TO DO:
The line with "DVD L'homme de hautes plaines" marks the first line to copy, and the line with "1973 DVD et blu-ray" marks the last. Transcribe that stretch of the data below exactly, without pictures.

EXERCISE MATERIAL:
◇ ◇ ◇ ◇ ◇ ◇ ◇
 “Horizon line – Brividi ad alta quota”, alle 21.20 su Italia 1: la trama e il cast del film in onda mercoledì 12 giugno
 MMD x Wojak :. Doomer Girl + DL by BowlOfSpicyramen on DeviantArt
◇ ◇ ◇ ◇ ◇ ◇ ◇
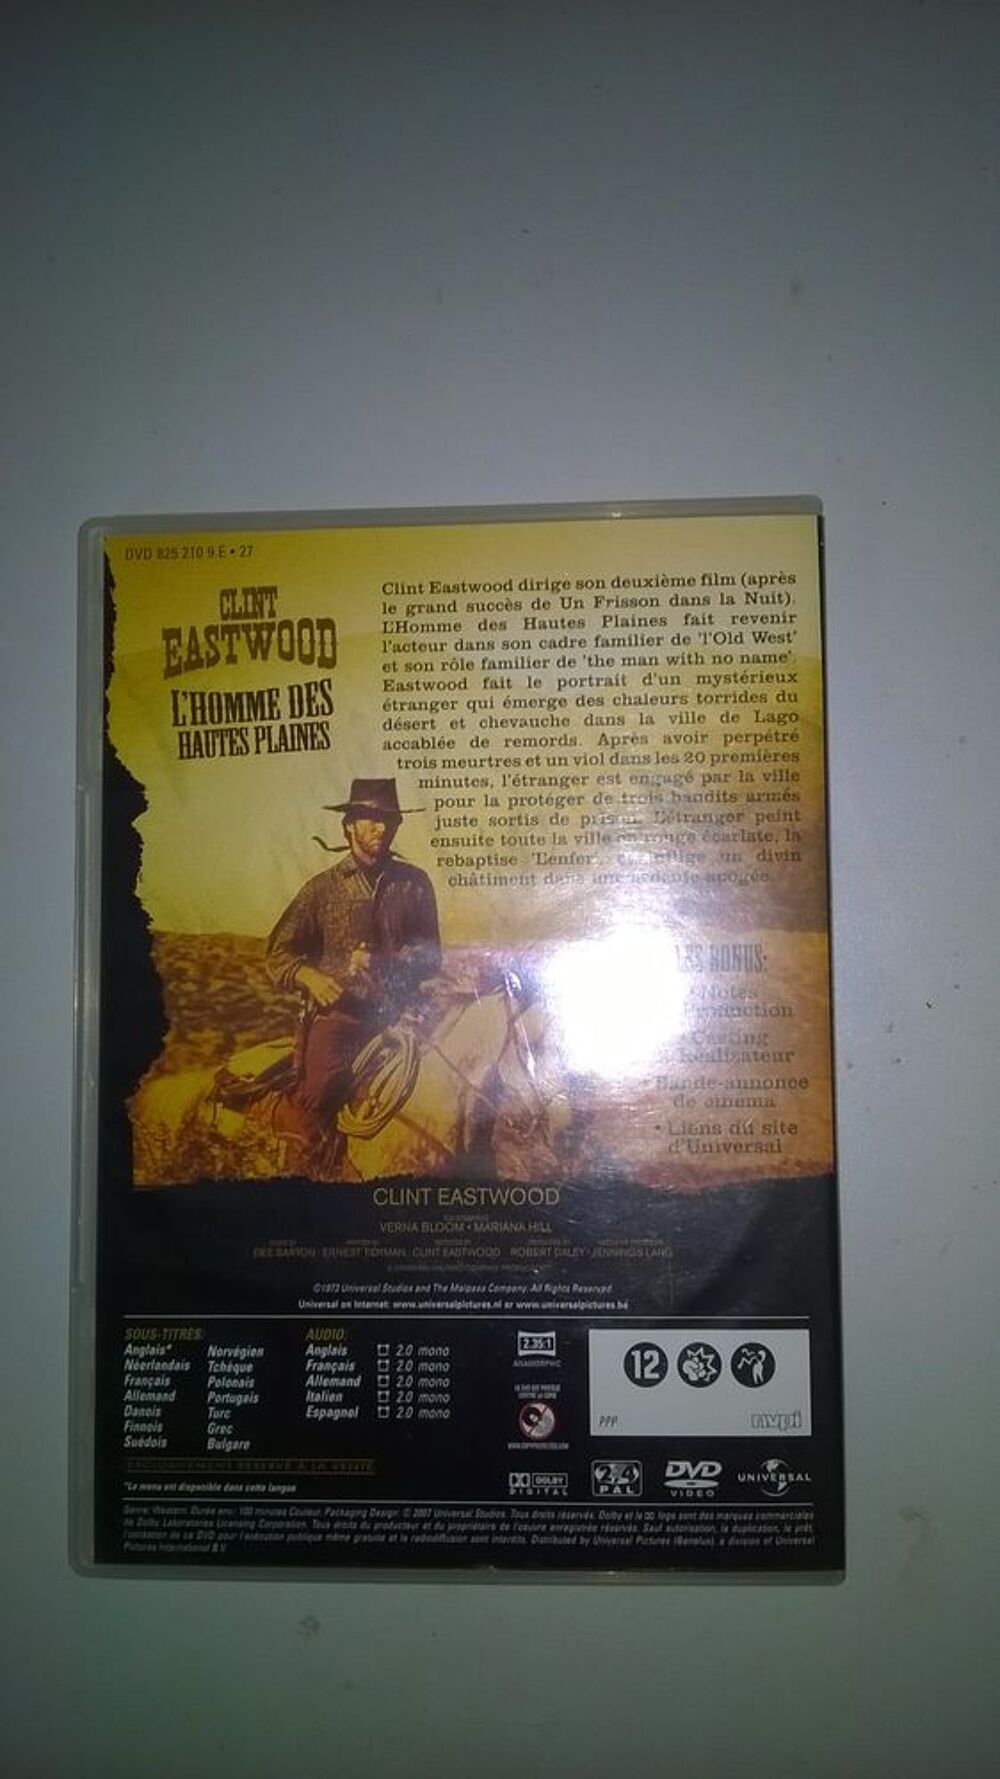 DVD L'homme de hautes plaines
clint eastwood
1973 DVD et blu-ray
◇ ◇ ◇ ◇ ◇ ◇ ◇
THE COMPLETED TASK:
 DVD L'homme de hautes plaines
clint eastwood
1973 DVD et blu-ray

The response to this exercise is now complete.